Interleukin-1β induces trained innate immunity in human hematopoietic progenitor cells in vitro
Daniela Flores-Gomez, Willemijn Hobo, Diede van Ens, Elise L. Kessler, Boris Novakovic, Nicolaas Schaap, Wim H. C. Rijnen, Leo A. B. Joosten, Mihai G. Netea, Niels P. Riksen, Siroon Bekkering
Abstract
Innate immune cells can develop a long-lasting hyperresponsive phenotype, termed trained immunity, mediated by epigenetic and metabolic reprogramming. In mice, exposure to Bacille Calmette-Guérin (BCG), β-glucan, or Western diet induces trained immunity by reprogramming hematopoietic progenitor cells (HPCs), through interleukin-1β (IL-1β) signaling in the bone marrow (BM). We investigated whether IL-1β induces trained immunity in primary human BM-derived HPCs in vitro. We exposed human BM-derived HPCs to IL-1β for 4 h. HPCs were expanded and differentiated into monocytes followed by functional and transcriptomic characterization.
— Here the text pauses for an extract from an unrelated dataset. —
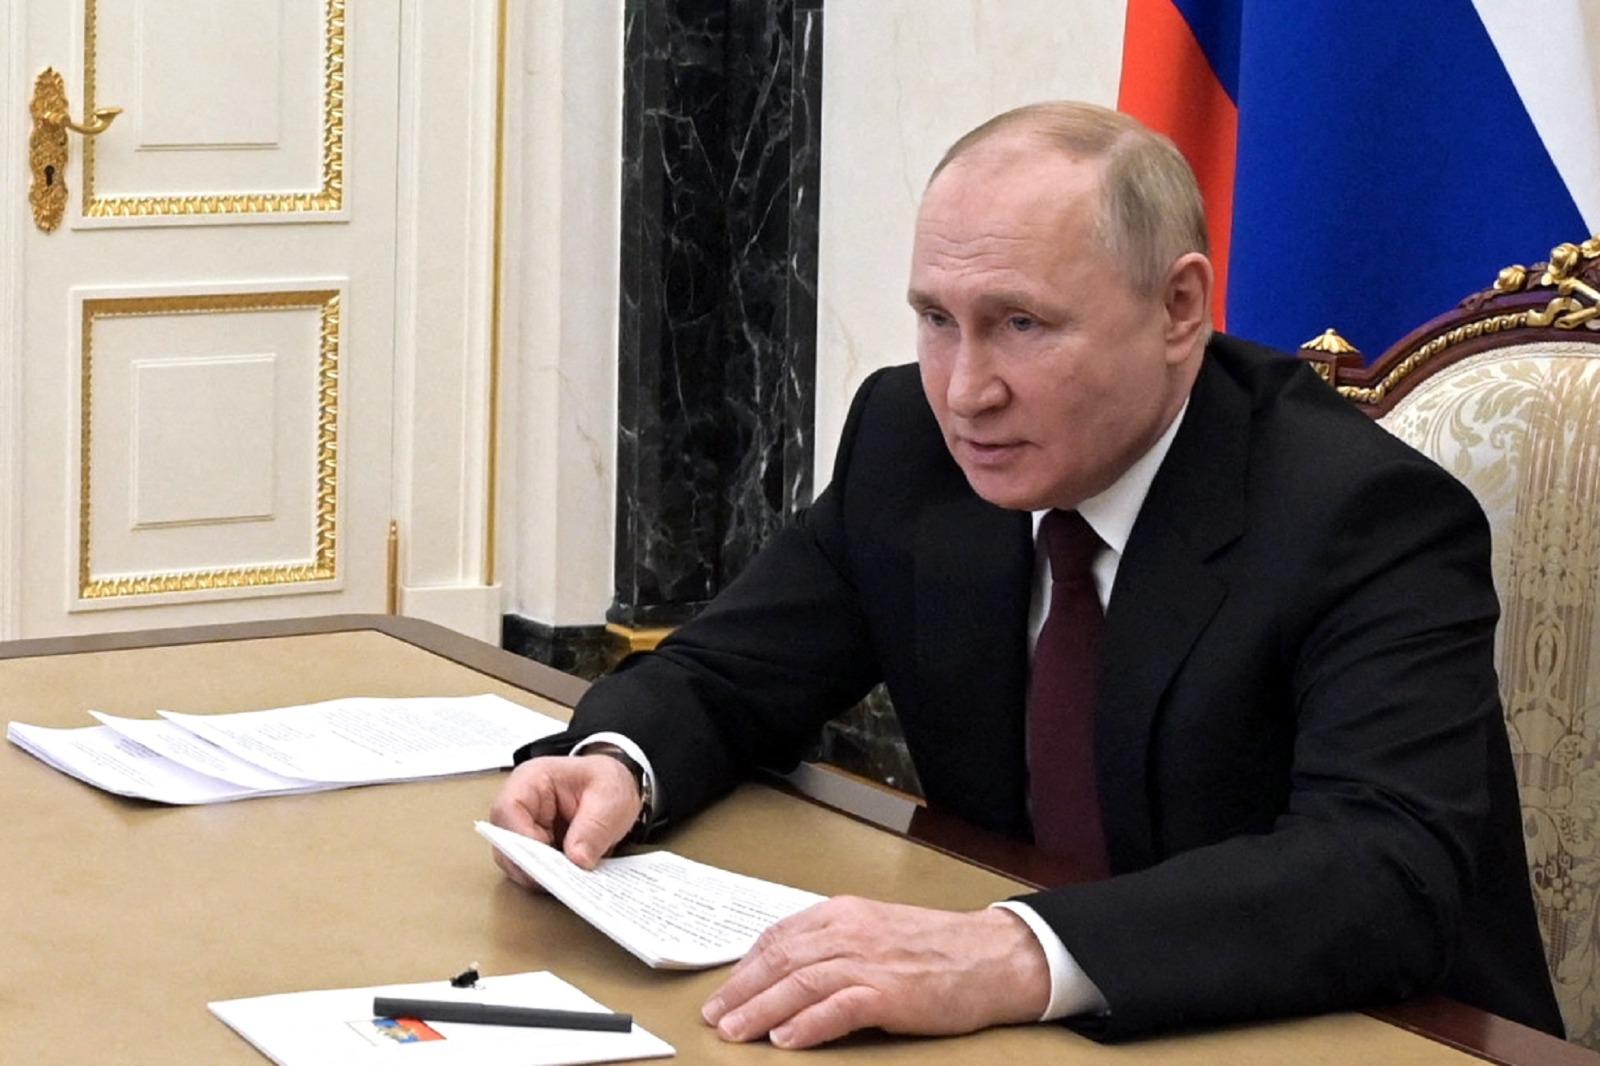 Ucraina-Russia, Putin: "Nostra sicurezza non negoziabile"

IL-1β-exposed HPCs showed higher granulocyte-macrophage colony-forming units. The monocyte offspring produced more tumor necrosis factor (TNF) and IL-1β after restimulation with lipopolysaccharide (LPS) and Pam3Cys and is metabolically more active. Transcriptomic analysis showed upregulation of key atherogenic and inflammatory pathways. In conclusion, brief exposure of human BM-derived HPCs to IL-1β in vitro induces a trained immunity phenotype.